7th President of Malta
- In office 4 April 2004 – 4 April 2009
- Prime Minister: Lawrence Gonzi
- Preceded by: Guido de Marco
- Succeeded by: George Abela

10th Prime Minister of Malta
- In office 6 September 1998 – 23 March 2004
- President: Ugo Mifsud Bonnici Guido de Marco
- Preceded by: Alfred Sant
- Succeeded by: Lawrence Gonzi
- In office 12 May 1987 – 28 October 1996
- President: Paul Xuereb (acting) Ċensu Tabone Ugo Mifsud Bonnici
- Preceded by: Karmenu Mifsud Bonnici
- Succeeded by: Alfred Sant

Leader of the Opposition
- In office 28 October 1996 – 6 September 1998
- President: Ugo Mifsud Bonnici
- Prime Minister: Alfred Sant
- Preceded by: Alfred Sant
- Succeeded by: Alfred Sant
- In office 11 April 1977 – 12 May 1987
- President: Anton Buttigieg
- Prime Minister: Dom Mintoff Karmenu Mifsud Bonnici
- Preceded by: Giorgio Borg Olivier
- Succeeded by: Karmenu Mifsud Bonnici

Leader of the Nationalist Party
- In office 11 April 1977 – 3 March 2004
- Preceded by: Giorgio Borg Olivier
- Succeeded by: Lawrence Gonzi

Personal details
- Born: Edoardo Fenech Adami 7 February 1934 (age 92) Birkirkara, Crown Colony of Malta
- Party: Nationalist
- Spouse: Mary Fenech Adami
- Children: 5 (including Beppe Fenech Adami)
- Alma mater: Royal University of Malta
- Profession: Lawyer
- Website: http://eddiefenechadami.org/

= Eddie Fenech Adami =

Maltese prime minister and president (born 1934)

Edoardo "Eddie" Fenech Adami (born 7 February 1934) is a Maltese politician and lawyer who served as the prime minister of Malta from 1987 until 1996, and again from 1998 until 2004. Subsequently, he was the seventh president of Malta from 2004 to 2009. He led the Nationalist Party to win four general elections, in 1987, 1992, 1998 and 2003, as well as the majority of votes in 1981. Staunchly pro-European, Fenech Adami was fundamental for Malta's accession to the European Union.

Originally a lawyer, Fenech Adami was co-opted Member of Parliament (MP) in 1969. He served in a number of senior party positions, including president of the Administrative and General Councils, and was elected to succeed Giorgio Borġ Olivier as party leader. From April 1977 onwards, Fenech Adami led the Nationalist opposition in a campaign of civil disobedience against the Mintoff and Mifsud Bonnici administrations of the late seventies and eighties, focusing on a message of respect for democratic principles and human rights.

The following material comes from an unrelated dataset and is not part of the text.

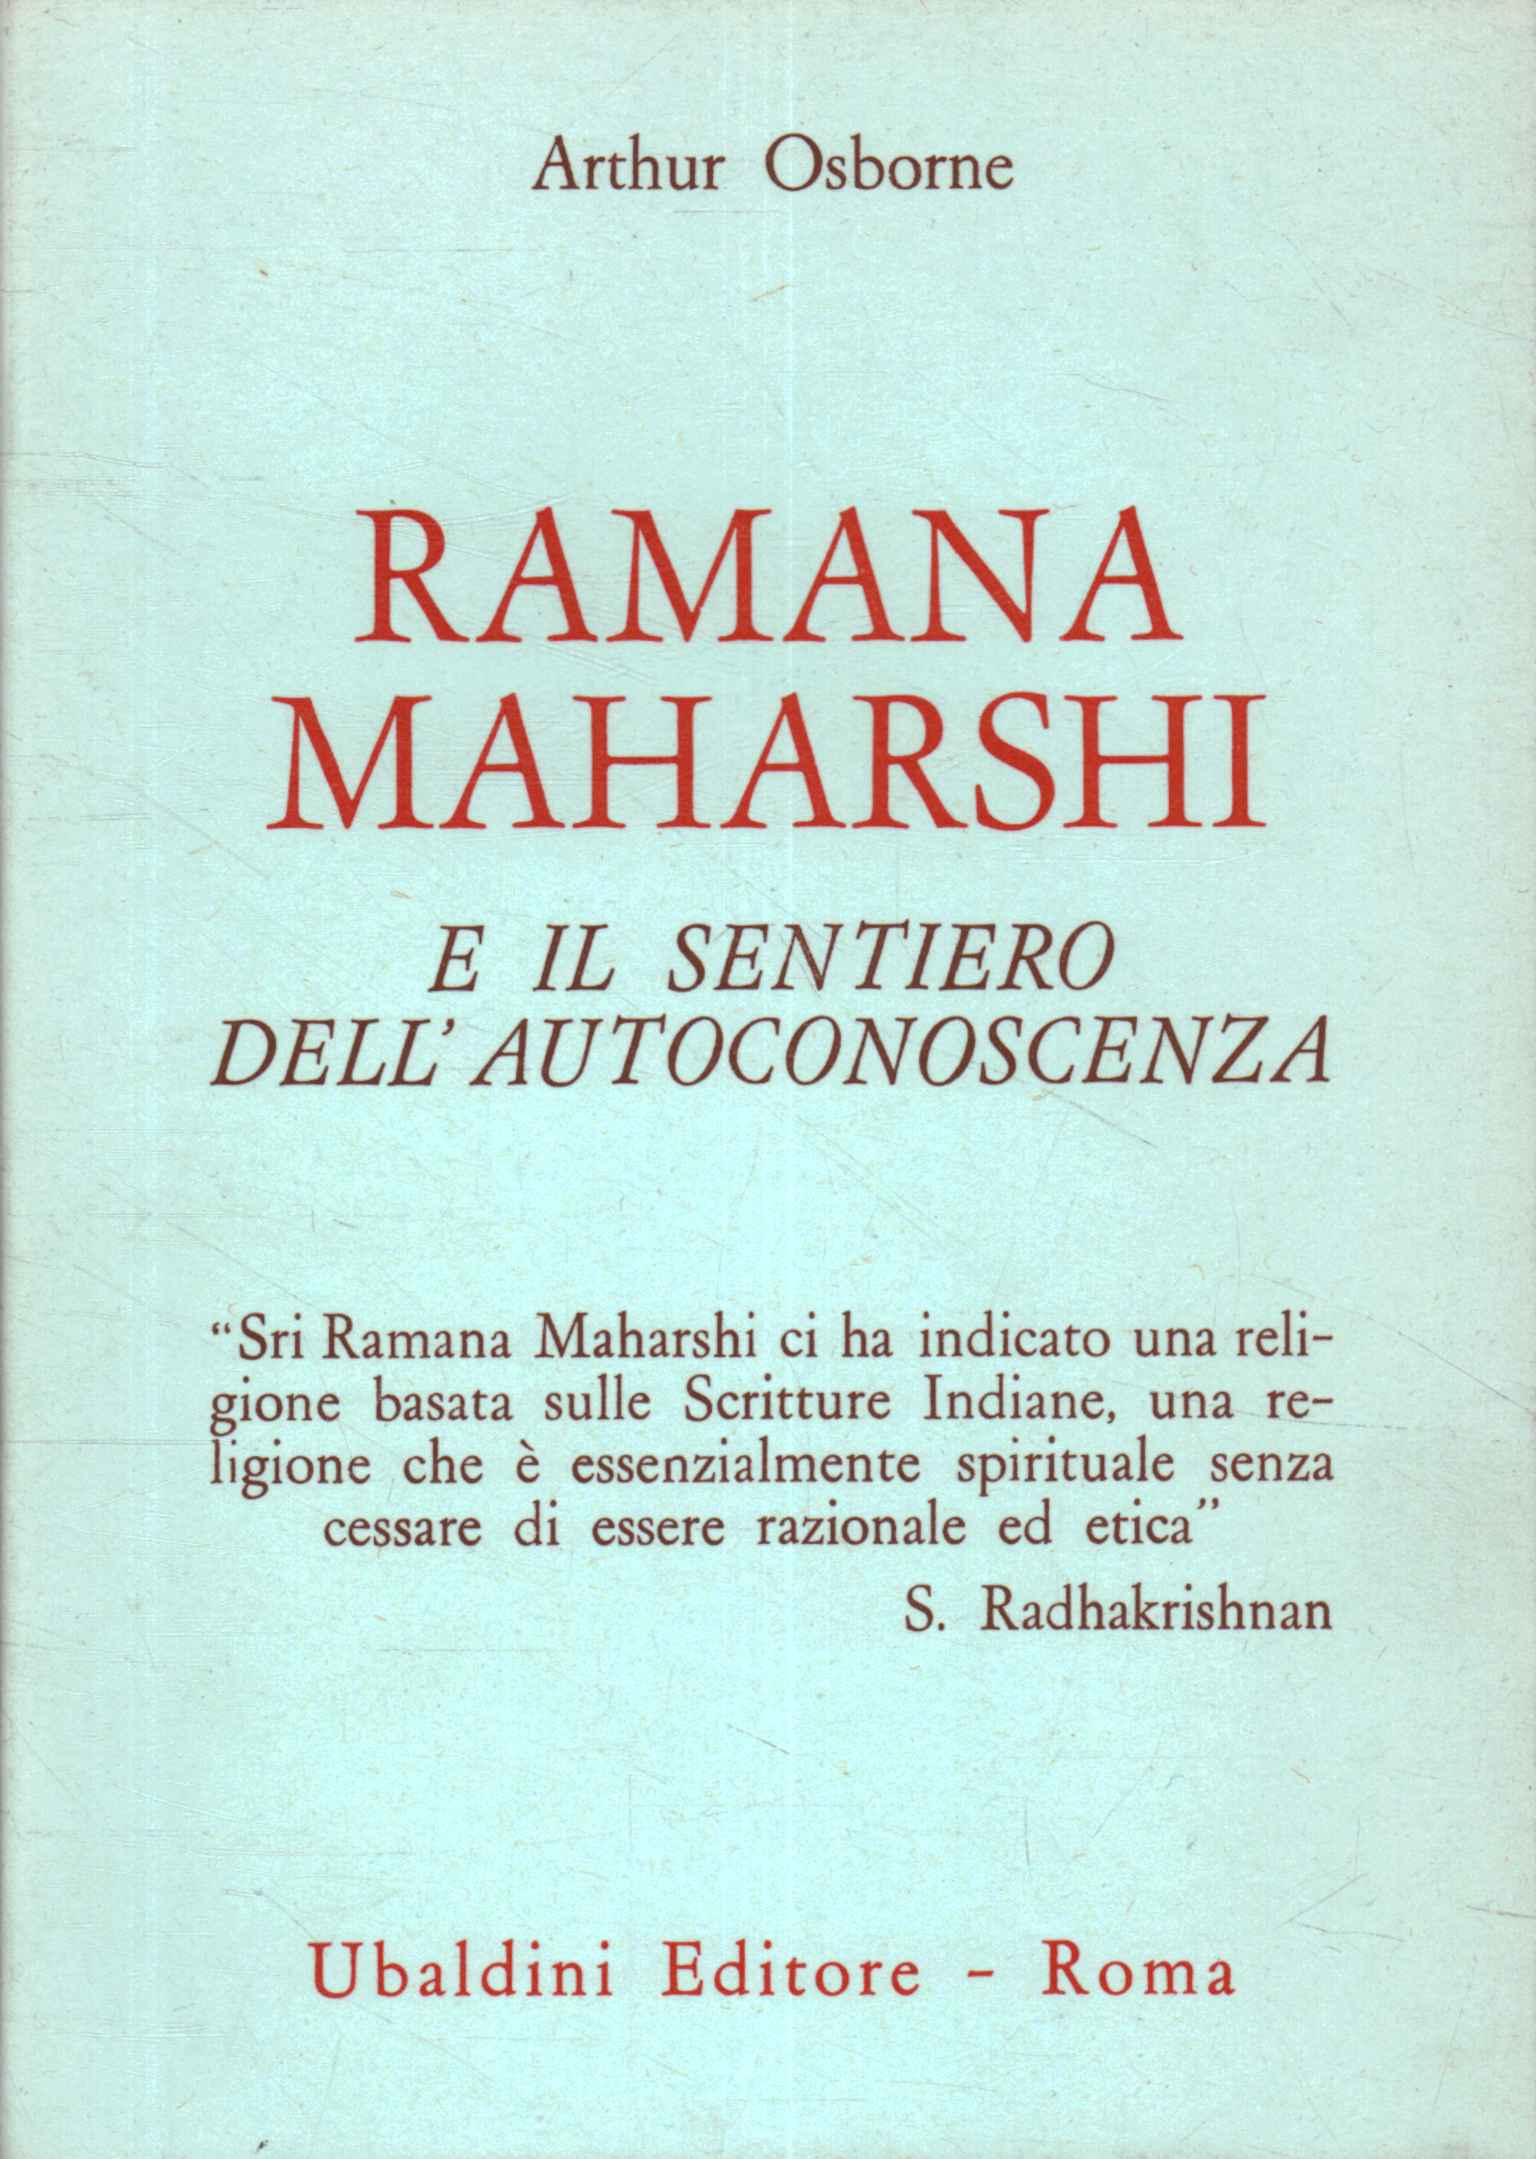 Ramana Maharshi y el camino del apóstol

Upon moving into Auberge de Castille in 1987, Fenech Adami began a policy of national reconciliation, initiating a series of political and economic reforms intended to open up the economy, reverse high unemployment and the islands' problems following sixteen years of socialist policies. His political ideology and economic policies highlighted deregulation, more flexible labour markets, the overhaul of the country's physical infrastructure and the privatisation of state-owned companies. The legal and business structures were also overhauled and trade liberalised. The communications, financial services and banking sectors were deregulated or privatised. Malta also began a period of integration with the EU, formally applying for membership in 1990.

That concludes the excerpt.